О! Твоя раковина в форме палатки похожа
На ночной бивуак солдата, одинокий
Среди моря крови…
…но ты можешь присоединиться к своим товарищам.
Однако при отсутствии в картине человеческого или исторического элемента Тёрнер был способен извлекать из света и цвета поэзию, достойную Шелли. Таковы бледные, светящиеся опаловым блеском видения рек, впадающих в море, и прекраснейшие из них, пожалуй, те, что навеяны замком Норэм (ил. 105). Сказать, что на них изображен замок Норэм, было бы таким же заблуждением, как заявить, что картина Брака изображает женщину за роялем. Логическая связь между тем, что мы могли бы увидеть, если бы там оказались, и едва уловимыми мазками розового, голубого и желтого, которыми Тёрнер покрыл свои полотна, разумеется, существует — в ней и состоит их красота, — но она крайне сложна, и обнаружить ее можно, лишь заново переживая опыт Тёрнера. Она неотделима от техники, посредством которой он окутывает свои полотна легкой цветной дымкой, — техники, хранимой им в строжайшей тайне, не раскрытой и по сей день.

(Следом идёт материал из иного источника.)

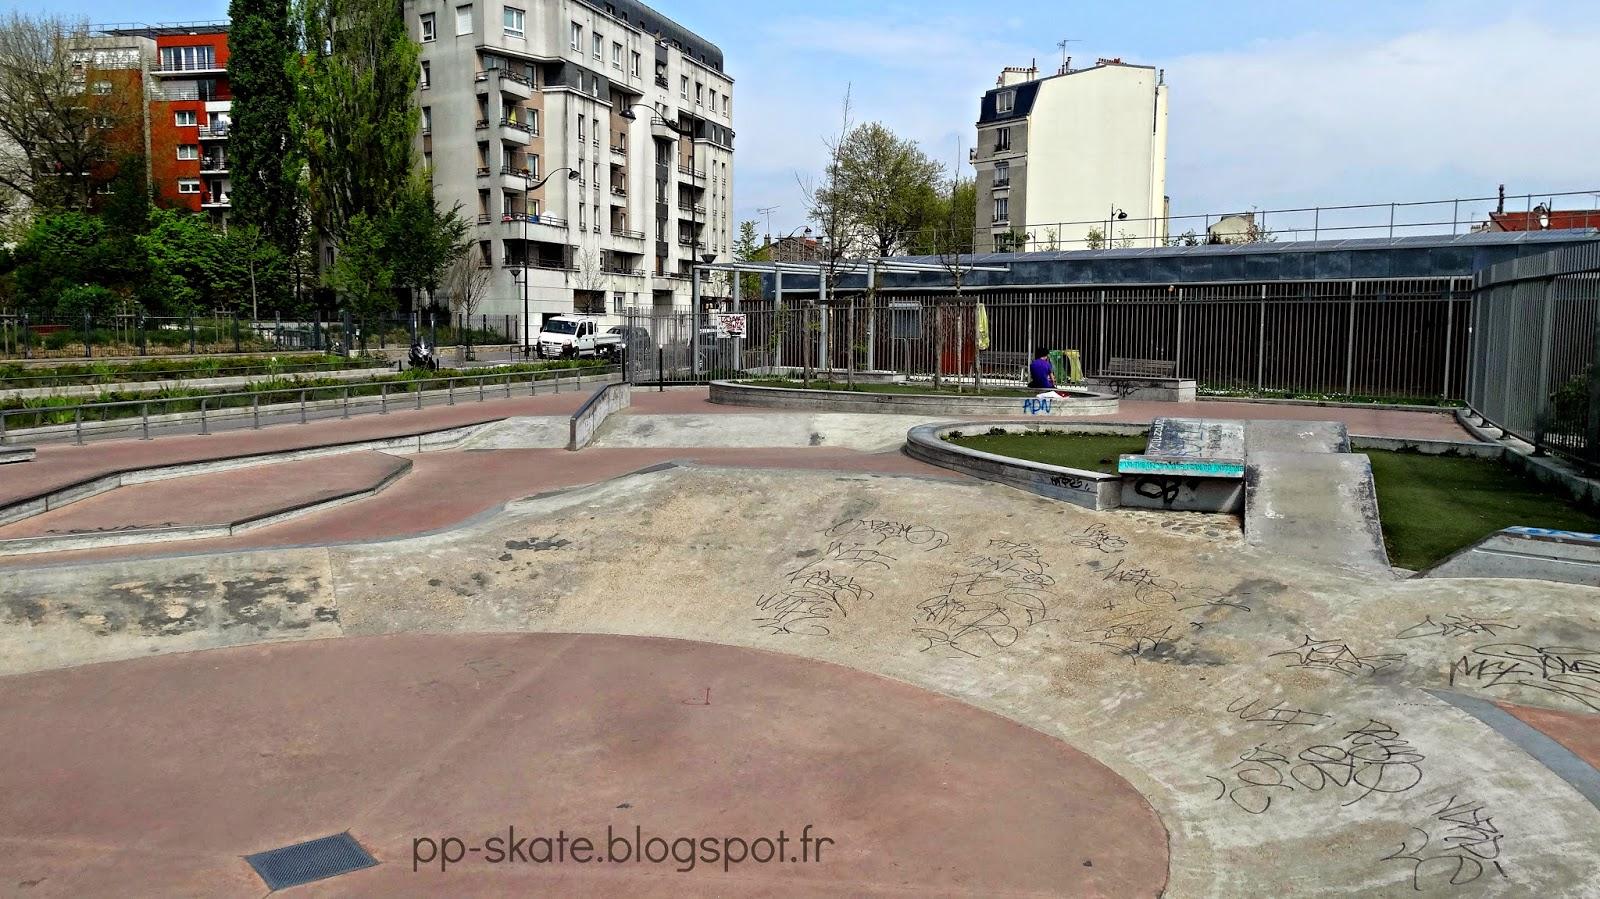 skate park paris

С точки зрения колорита эти пейзажи так же абстрактны, как великие произведения классической архитектуры абстрактны с точки зрения формы. И все же неким непостижимым образом их наполняет более живое чувство природы, чем ранние работы Тёрнера, где формы и краски природы переданы с такой скрупулезностью. Как грамматика всегда одерживала верх, когда Тёрнер брался за перо, так и четкость стиля, похоже, препятствовала тому чистому синтезу, которого он достиг в своей поздней живописи. В последние годы жизни Тёрнер вполне мог бы повторить за Сезанном: «Je deviens, comme peintre, plus lucide devant la nature»[65]. В частности, это относится к серии картин с изображением берегового шторма, которые он писал из окна своего дома в Маргите (ил. 106). В этих картинах нет ни одной отчетливой формы, но они поразительно правдивы, и мы в конце концов вынуждены согласиться с Рёскином: правда Тёрнера — вот что важнее всего, именно это выделяет его среди современников.
Позднее творчество Тёрнера не внесло непосредственного вклада в развитие искусства. Так называемые эскизы не были известны до 1906 года, когда их впервые выставили. Экспонировавшиеся картины были слишком далеки от робкой описательности, чтобы оказать влияние на английскую живопись того времени, и слишком иррациональны, чтобы произвести впечатление во Франции. Более того, их гротескные сюжеты и плохо нарисованные фигуры оскорбляли вкус французов. Все, что Вольтер сказал о Шекспире (и даже больше), вполне резонно можно было бы отнести и к таким картинам Тёрнера, как «Невольничий корабль»; и люди, чей вкус сформировался на классических образцах, от сэра Джорджа Бомонта до Роджера Фрая, продолжали находить его вульгарным и беспорядочным. При жизни Тёрнера его покровителями, за единственным исключением, были выходцы из нового среднего класса, а не знатоки в традиционном понимании; благодаря своим гравюрам в количественном отношении он пользовался гораздо большей популярностью, чем любой великий художник, живший до или после него. Пятьдесят лет назад гравюры Тёрнера, как экземпляр «Эноха Ардена», можно было найти в каждом доме. Но в то время волна творчества пошла в противоположном направлении и подготовила господство французского искусства, которое до недавнего времени считалось совершенным. Если бы немецкое или фламандское искусство в XIX веке оставалось таким же живым, как в XVI, Тёрнер был бы лучше понят.